No. 32 – Minnesota Vikings
- Position: Linebacker / strong safety
- Roster status: Injured reserve

Personal information
- Born: October 17, 1995 (age 30) Lewisville, Texas, U.S.
- Listed height: 6 ft 1 in (1.85 m)
- Listed weight: 213 lb (97 kg)

Career information
- High school: Hebron (Carrollton, Texas)
- College: LSU (2014–2016)
- NFL draft: 2017: 1st round, 6th overall pick

Career history
- New York Jets (2017–2019); Seattle Seahawks (2020–2023); Tennessee Titans (2024); Detroit Lions (2024); Las Vegas Raiders (2025); Minnesota Vikings (2026–present);

Awards and highlights
- First-team All-Pro (2019); 2× Second-team All-Pro (2018, 2020); 3× Pro Bowl (2018–2020); PFWA All-Rookie Team (2017); First-team All-American (2016); First-team All-SEC (2016); Second-team All-SEC (2015); Freshman All-American (2014); Freshman All-SEC Team (2014);

Career NFL statistics as of 2025
- Total tackles: 546
- Sacks: 22.5
- Forced fumbles: 8
- Fumble recoveries: 4
- Pass deflections: 36
- Interceptions: 4
- Defensive touchdowns: 2
- Stats at Pro Football Reference

= Jamal Adams =

American football player (born 1995)

Jamal Lee Adams (born October 17, 1995) is an American professional football linebacker and Strong safety for the Minnesota Vikings of the National Football League (NFL). He played college football for the LSU Tigers, and was selected by the New York Jets sixth overall in the 2017 NFL draft. Starting his career as a safety, Adams quickly became an impactful starter for the Jets, making the Pro Bowl twice and being named an All-Pro. In 2021, Adams signed a four-year extension with the Seattle Seahawks valued at $72 million, with a $20 million signing bonus and $38 million guaranteed, making him the highest paid safety in the NFL at that time. Adams has also played for the Tennessee Titans, the Detroit Lions, and the Las Vegas Raiders.

==Early life==
Adams attended Hebron High School in Carrollton, Texas. While there, he played high school football. During his final two years, he had 138 tackles and seven interceptions on defense and 20 touchdowns on offense. In his senior year, Hebron finished 8–4 on the season, advancing to the UIL 5A Division II Area final at AT&T Stadium, where they lost 42–21 to Cedar Hill.

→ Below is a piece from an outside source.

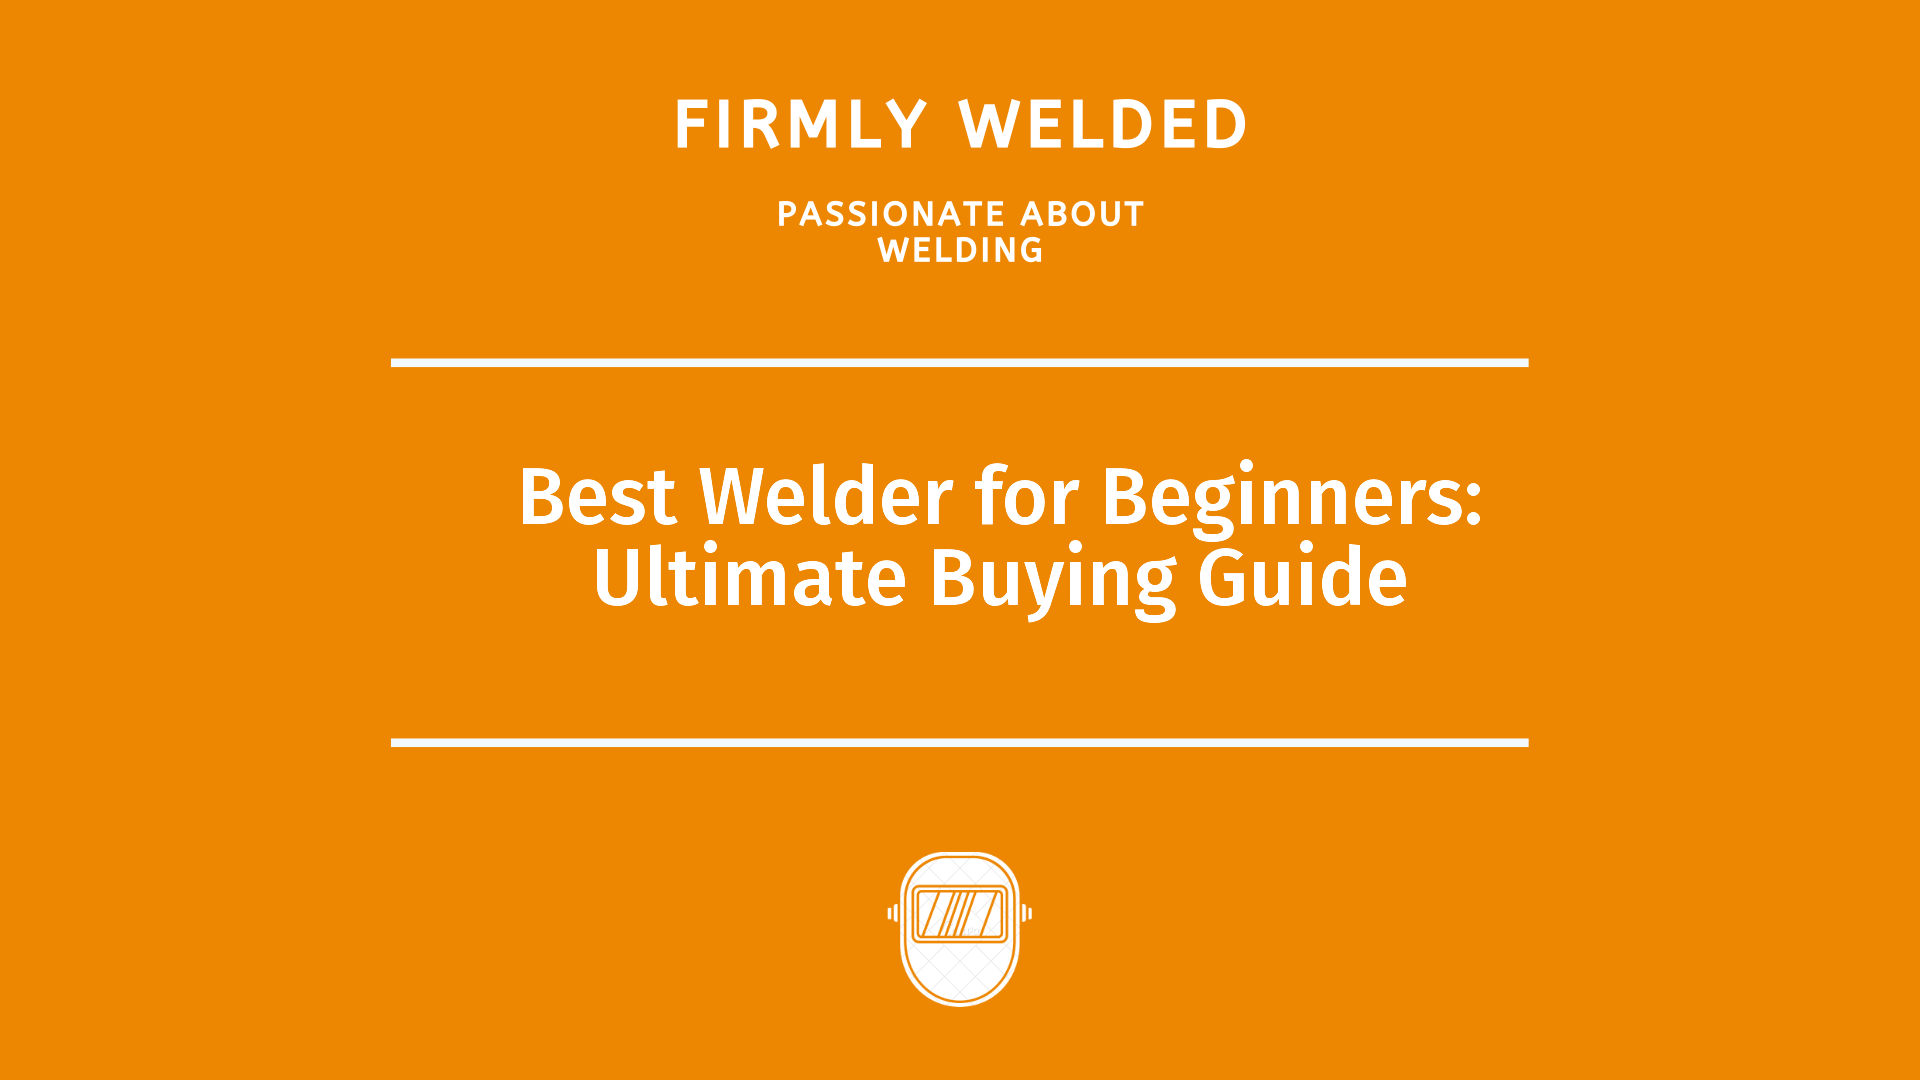 Best Welder for Beginners: Ultimate Buying Guide

Adams was rated by Scout.com as a five-star recruit and among the top 10 recruits in his class. He committed to Louisiana State University (LSU) to play college football.

==College career==
Adams played in all 13 games with two starts as a true freshman at LSU in 2014 and had 66 tackles and a sack. As a sophomore, he was a second-team All-Southeastern Conference selection as a safety by the Associated Press (AP) and SEC coaches. As a junior, Adams was named to the AP All-SEC first-team.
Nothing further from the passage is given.